Playing A Woman's Choice and exploring Jennifer's options had me repeatedly thinking back to my wife's and my decision to have kids and the decisions I've seen friends make (both yes and no), as well as why we made these decisions. I haven't really done that in a long time. That's the kind of reaction I'd want from a reader if I had written this work, and so I'd call A Woman's Choice a success.

I do have two critiques to offer, though (with the caveat that I did not play multiple times to see different endings).

A Woman's Choice argues that society places expectations on women with respect to children, and, contra those expectations, women should have the freedom to make their own choices. The choice that I made felt abrupt, though: I think it was when (Spoiler - click to show)I had just met Paul at the party and I chose to laugh when he asked me about kids. I picked this option because I had hoped it would let me delay the choice so that I could think about it some more. Instead (I think) it was my final choice: Everything else seemed to play out from that decision. My first critique is that I would have liked the chance to think about this more and maybe even change my mind.
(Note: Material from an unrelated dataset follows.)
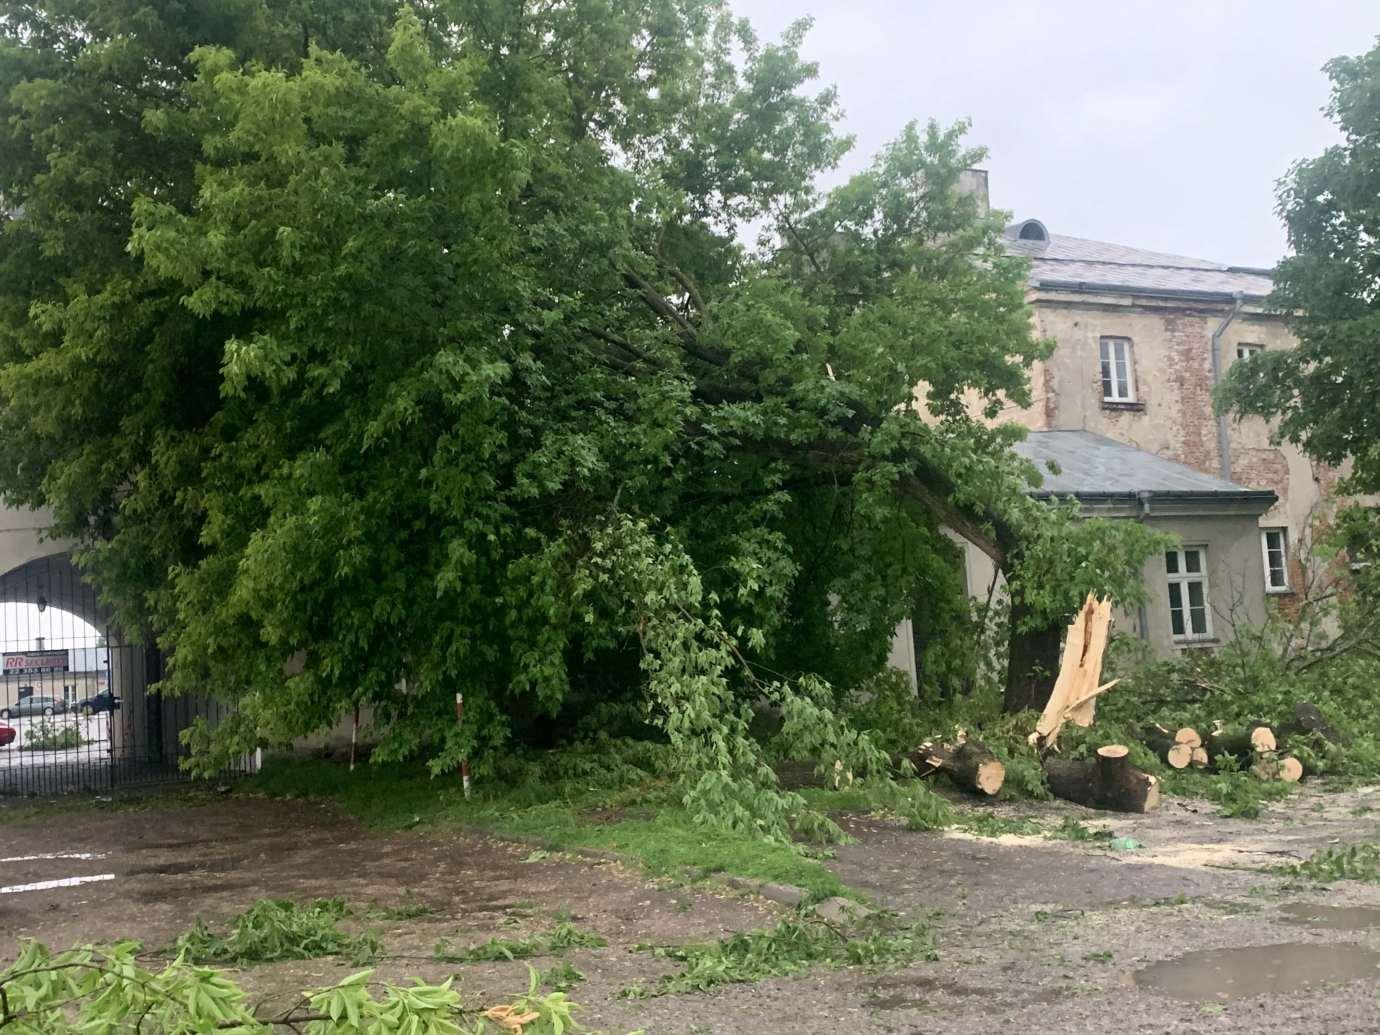 img 9537 3 uszkodzone auta na Królowej Jadwigi, powalone drzewa. Kolejne zdjęcia i FILM

My second critique is harder to explain without giving away too much of the work, but here goes: I think A Woman's Choice would have been strengthened with more exploration of the different consequences to a long-term relationship from having a disagreement as fundamental as having children. A Woman's Choice felt to me to present the choice to be solely Jennifer's, but my observation is that in practice this usually involves more negotiation. Often the relationship is so important to the two parties involved that together they work out between them how they will handle the question of children. (And, yes, sometimes the distance between what the two people want is so far apart that it makes sense for the relationship to end.) At any rate, I would have liked to have seen more of this exploration in A Woman's Choice.